The advantage of this method is the high output (81-98%), as well as the possibility of obtaining almost any homologues of this series, which are also intermediates for the synthesis of biologically active substances.

Found that the yield of the target-diketones and ketoesters affects the structure of the source reagent.
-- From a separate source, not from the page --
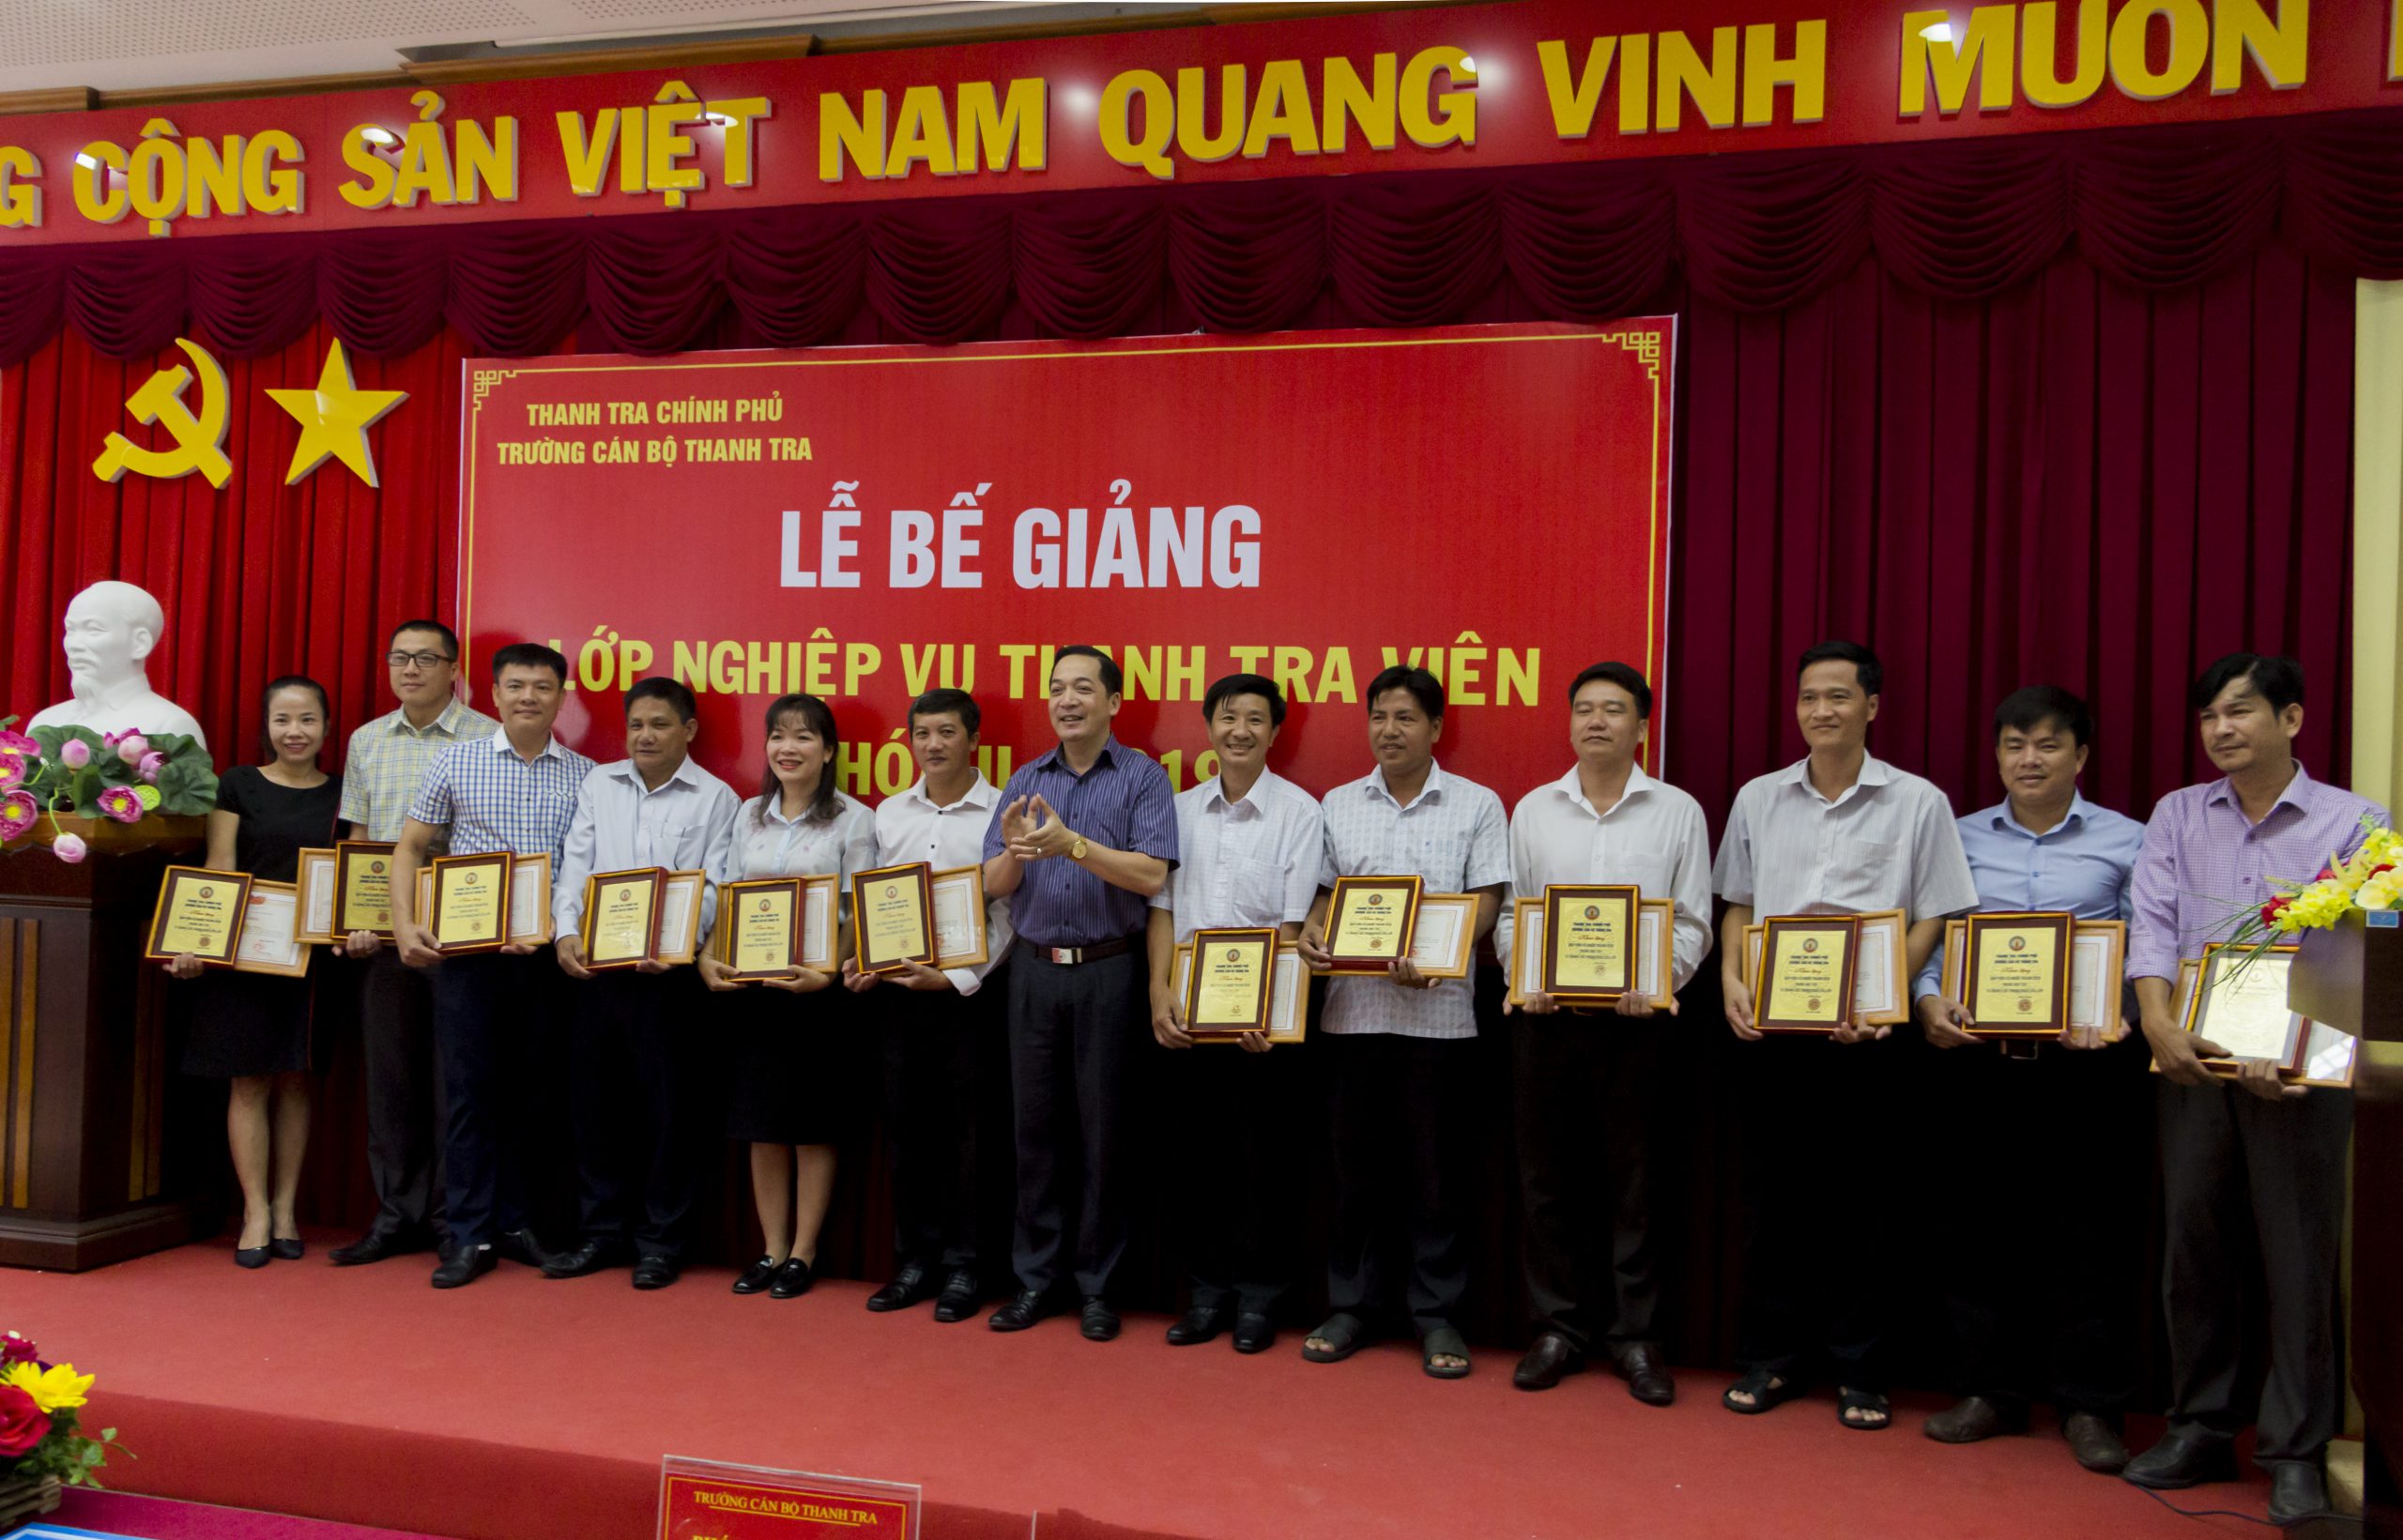 TS Nguyễn Huy Hoàng Phó Hiệu trưởng Trg CBTT trao giấy khen cho HV

So, with the same conditions in the case of the interaction of 1,3-dehydroalanine with acetylacetone yield of the target product was 81%, and in the case of dibenzoylmethane 96%. This can be explained by the high mobility of the protons of the Central methylene group. The mobility of protons depends on the nature of substituents at the carbonyl carbon atoms: CH3groups give the lowest yield of the target compounds is 81%, and a strong acceptor substituents, such as C6H5, CF2N, CF3- 93-98%. Thus it is found that the optimal technological and condition of the reaction accession-diketones and ketoesters to 1,3-dehydroalanine is its implementation in triketones (cetefor) 1: 1,5-2. Further increase in the content-diketones and ketoesters did not affect the yield of target products was inappropriate. The optimal reaction temperature is the boiling point of the inert solvent is diethyl ether. The optimal duration of response 1-2 hours a Further increase in the duration of the reaction is impractical because it does not lead to a significant increase in the yield of the target product. The course of this reaction is extremely sensitive to the polarity of the solvent. Not recommended for use as a solvent compounds such as pentane, hexane and other nonpolar substances. Also prohibited the use of such solvents as alcohols, carboxylic acids, amines containing reactive towards dehydroalanine group.

The method is as follows.

To 1.5-2 fold molar excess-diketone or keeeper dissolved in boiling inert solvent (diethyl ether) is poured a solution of 1,3-dehydroalanine in the same solvent. A mixture of 1,3-dehydroalanine and-diketone or keeeper heated for 1-2 hours at the boiling temperature of the solvent, after which the solvent and excess-d is EN for reuse in the same synthesis. Thus, in the industry, you can organize a recycling-diketone or keeeper with the addition of the calculated amount of fresh reagent. Synthesized adamantylidene-diketones or ketoesters after the distillation of the raw materials are sent to the stage of cleaning. The output of these products is up to 98%.

The invention is illustrated by the following examples.

Example 1.

Synthesis of 3-(adamant-1-yl)-2,4-pentanedione.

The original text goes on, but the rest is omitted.